まあいいか、とノーラはとりあえず仕事に向けて歩き出した。
昨日に引き続き畑に入ったノーラは、昼前まで収穫作業をした。
で、日が中点にさしかかったところまで働いて、休憩しようと手伝いの家から出た。
エプロンをし直すと、はあー疲れた、お昼ご飯、お昼ご飯! と村の中を歩く。
畑が多くある一角から抜けて、家のある南の方向に、村と外を隔てる柵沿いに進んでいたが……そのとき、ノーラはふと歩みを遅めて前方を見た。
人影があって、そこでとどまっているのが見える。
ノーラは本能的に警戒して、少し離れたところで止まってその人を見た。
不審な人影だった。
若い男のようで、村にはまずいない出で立ちである。
ずっと見回していたり誰かを捜すようにしたりしている。
背中に一本の剣を装備した、旅人風のマントを羽織った若い男であった。
商人という感じでもないのに、村に用がある人間なんているはずもない。
ノーラは誰かを呼ぼうと思ったが、周囲には誰もいなかった。
まあ、この狭い村で悪いこともできまいと、ノーラは観念して自分が近づいた。
「あのう……」
はっ、と彼は気付いて、ノーラのほうを向いた。
「おや……君は村人か」
彼はやっと見つけたというような顔をした。
思ったより若い、ノーラより多少上くらいの少年である。
が、だとすればなおさら怪しくもある。
「村人を捜していたんだ、僕は」
「はあ、あなた誰です?」
少年は、よくぞ聞いてくれた、というように、ふんとマントを翻した。
「僕は冒険者だ」
「冒険者?」
「ブライアンという名だ。よろしく。はるばるこの村までやってきたのだ」
はあ、とノーラ。
冒険者……そういえば、朝にもマリアにそんなことを言われたなあと思った。
何なんだ冒険者って? と考え込んだところで、あ、そういえば、と何か思い当たるような気がした。
確か、最近村のどこかで誰かが噂していたっけ?
何と言ったか……。
「ええと、冒険者って、あの、昨今モンスターの増加に伴って現れた職業、っていう?」
モンスター退治やそれに伴うアイテムなどで稼ぎ、町によっては支援を受けることがあるらしい。
そんな断片的な話を思い出す。
彼はさも意外そうに言った。
「何、君は冒険者に会ったことがないのか」
「まあ……はい」
「なら覚えておいてくれ。

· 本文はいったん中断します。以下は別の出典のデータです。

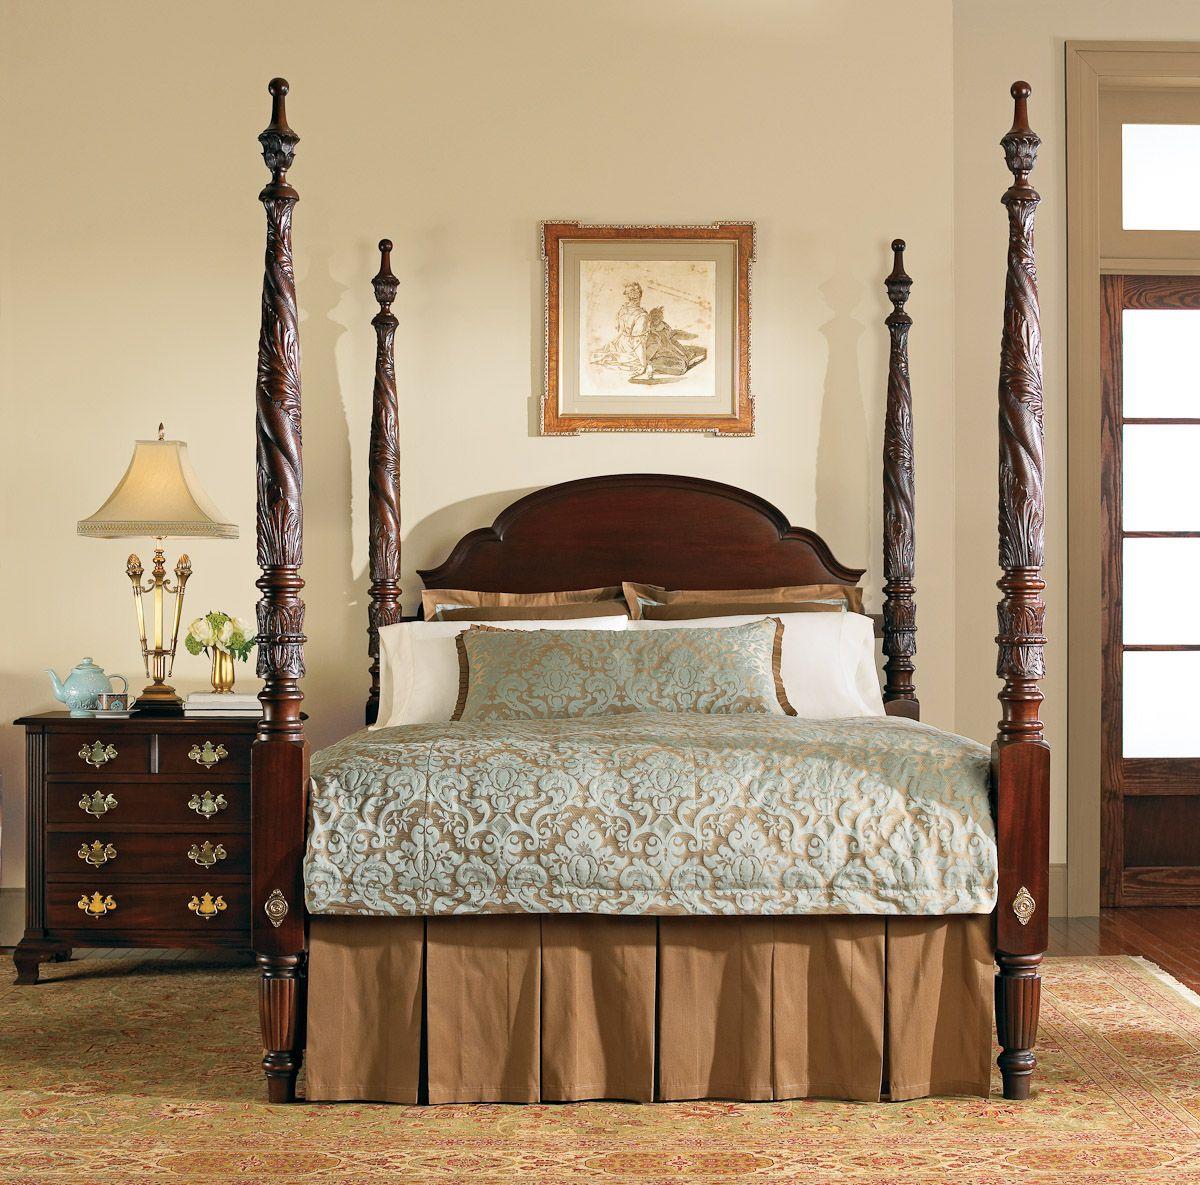 Interior Design Colonial Williamsburg: Stickley Colonial Williamsburg Bed #bedroom

僕が魔王を倒すことになる冒険者、いや勇者のブライアンだ!」
「魔王?」
「魔王を知らない? 正気か。勇者とは、モンスター退治だけでなく、最後には魔王討伐をすることになる人間なんだぞ」
「ああー……魔王討伐」
と、そこでやっとちょっと納得したようになるノーラだった。
人を襲う怪物――モンスター。
それは元々、村の外の平野や森にはいたが、ここ最近になって数が増え、凶暴さも増している。
そういう噂が、最近村人の間でも話されていた。
で、そのモンスター凶暴化は、昨今復活したと言われる魔王によるものと考えられている、らしいのだ。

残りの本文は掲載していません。